The Big Salmon River is accessible by road through the Canol road (an old dirt road left over from WW2) which branches off the Alaska Highway.

For this trip you set off on canoes through Quiet Lake, Sandy Lake and Big Salmon Lake before reaching the river itself: From then it’s many days of paddling through a winding and narrow river with strong current. This year the water levels were low, and often there were often a few inches of water above the river stones.

The Big Salmon isn’t busy. Canoeing takes a commitment because the current is too strong to easily go back. Therefore once you enter you commit to at least a week of paddling to reach the larger Yukon River and go towards Carmacks.

The river is designated as Crown Land and completely pristine. People have made small campspaces (ie: flat ground) but these are not marked other than appearing on maps.

The river is out of cell-phone range. If something goes wrong it is possible to get Medevaced out but this requires a satellite phone to call for help. This happened on our trip. One person, who was nearly 70, experienced an infection in a wound. After several days of worsening, a satellite call reached EMTs who arrived in a helicopter within an hour. (I don’t know whether insurance will cover associated costs as the person was foreign.)

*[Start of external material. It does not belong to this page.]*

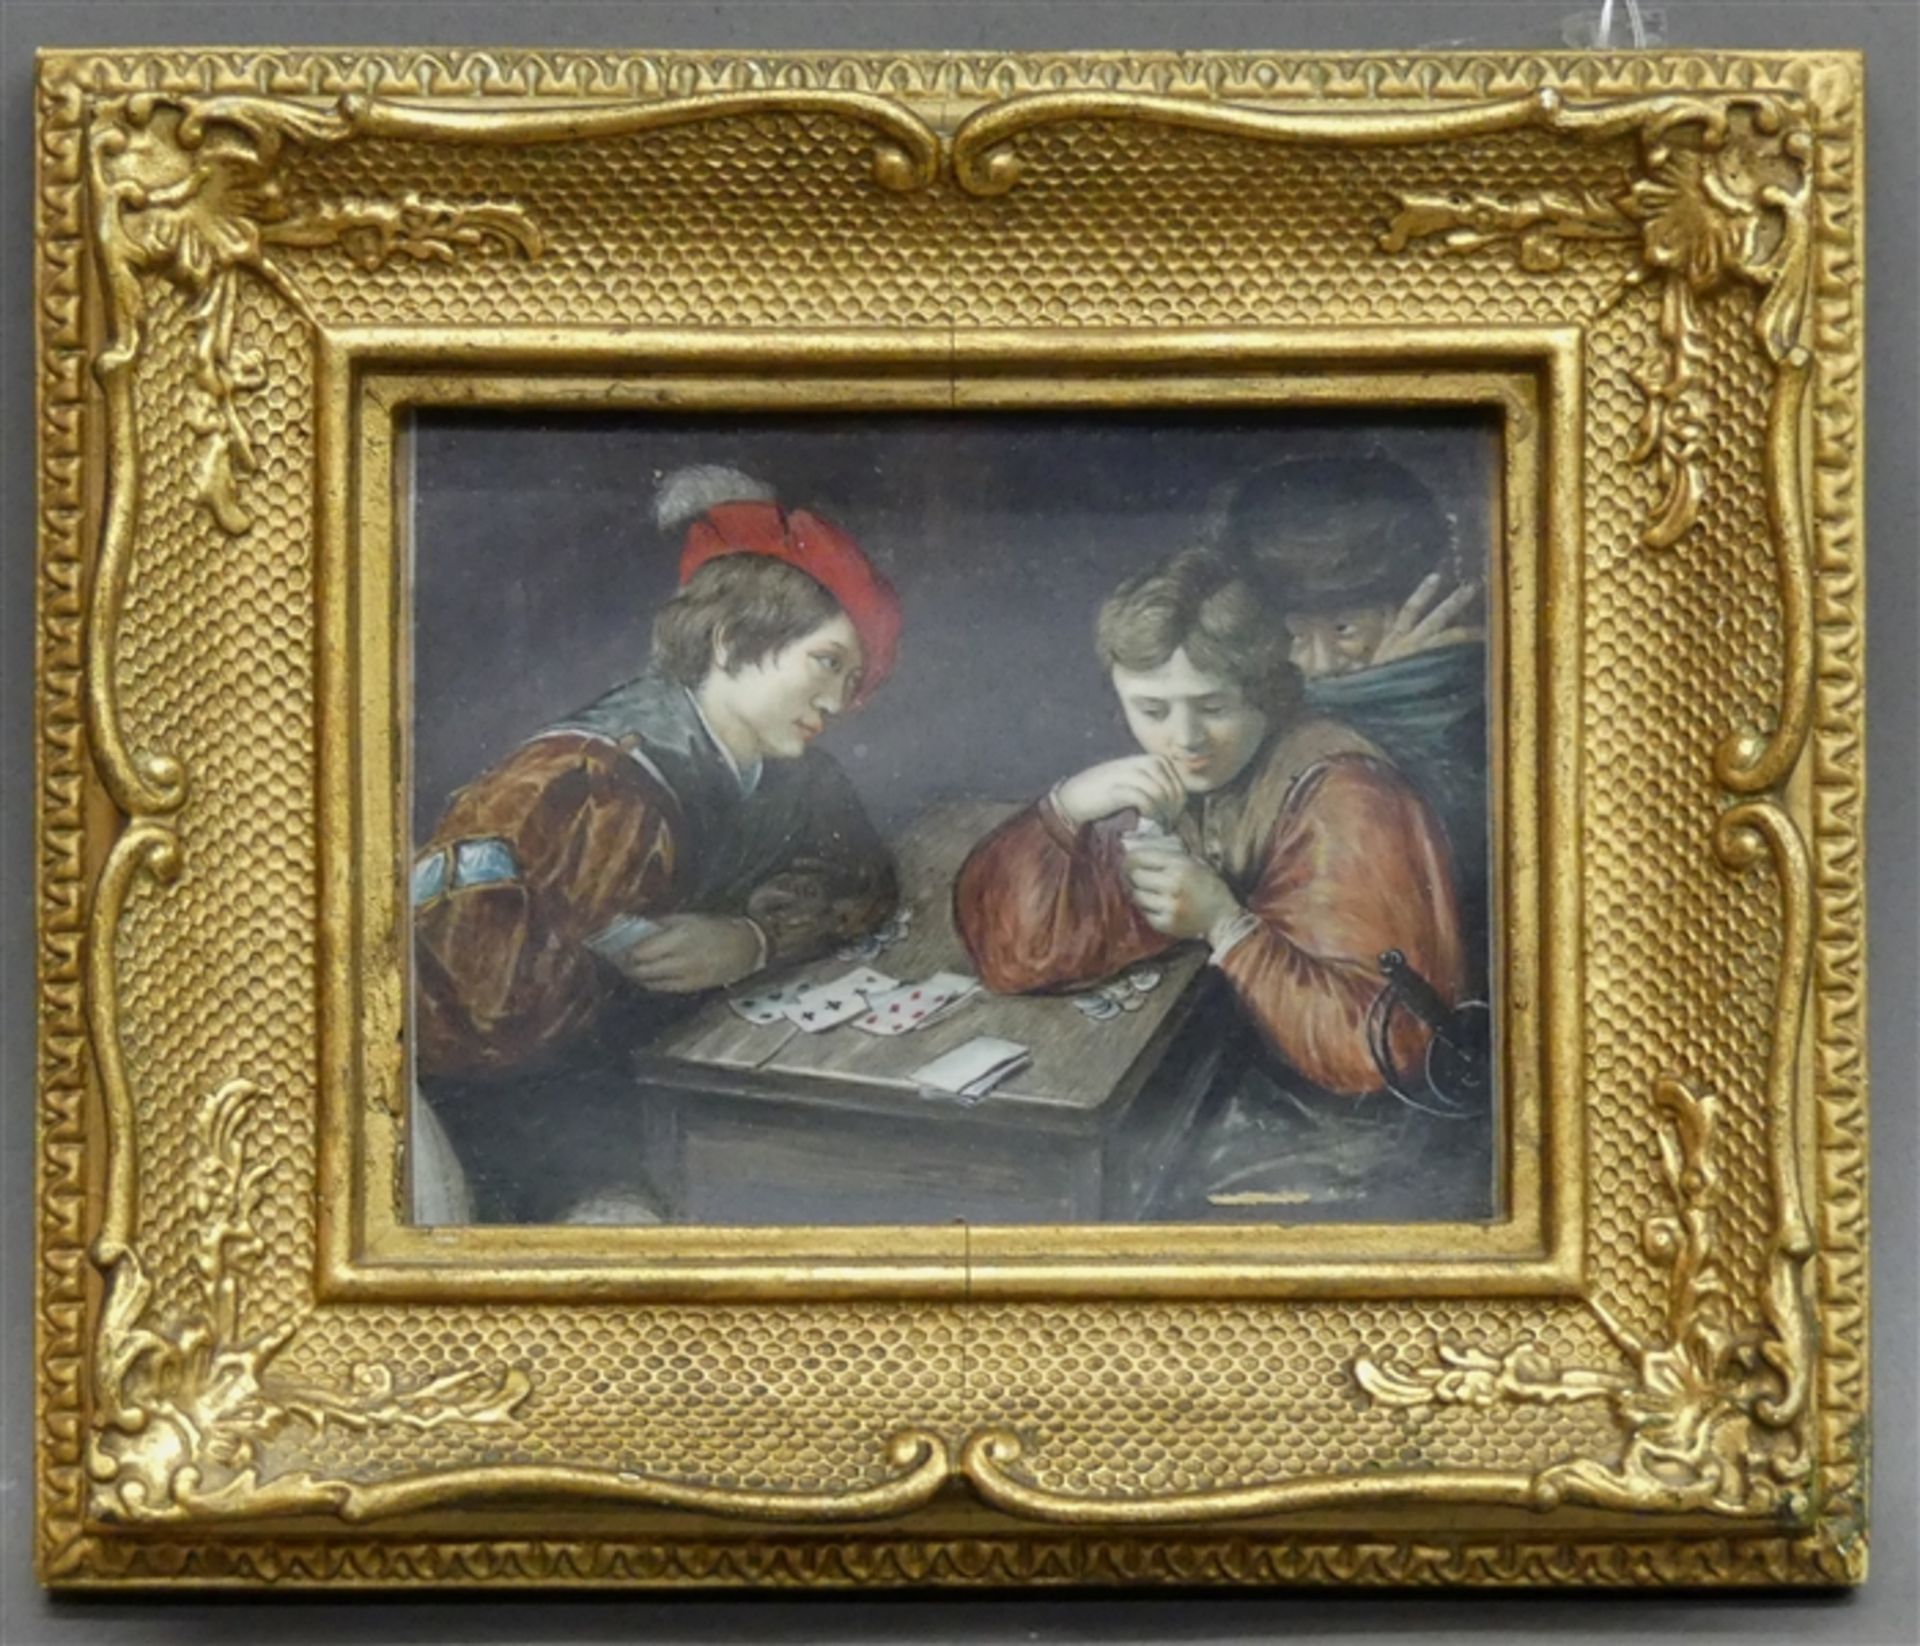 Miniatur, um 1900 auf Elfenbein, "Mittelalterliche Szene: 2 Männer beim Kartenspiel", 9x12 cm, im

In 12 days our group saw only two other teams, brief encounters and waving from a distance.

The trip as a whole was about 300km.

We saw a black bear, countless bald eagles also saw Chinook salmon swimming upriver, returning all the way back from the Bering Sea to lay eggs.

One thing learned on this trip: Food keeps up morale. We had four canoes loaded with barrels, coolers, propane tanks for a BBQ, even things like jams and sauces in glass jars. We ate porridge, french toast, endless coffee, chili, ribs, spaghetti, burritos and plenty of sandwiches with sausage and cheese and chocolate for dessert. It was an entire pantry and kitchen to set up daily but this level of eating made it sustainable to stay outside all the time. People arrived after 12 days still happy and strong. Thankfully there were no portages with all these hundreds of pounds of gear and supplies.

Everyone had a good time despite a few days of rain and some cold nights, which at one point included frost on the tents in the morning. I was thankful to have brought a rubber hot-water bottle which provided needed heat in my sleeping bag.

The Germans were especially delighted to see a black bear and the trip was even capped with faint northern lights.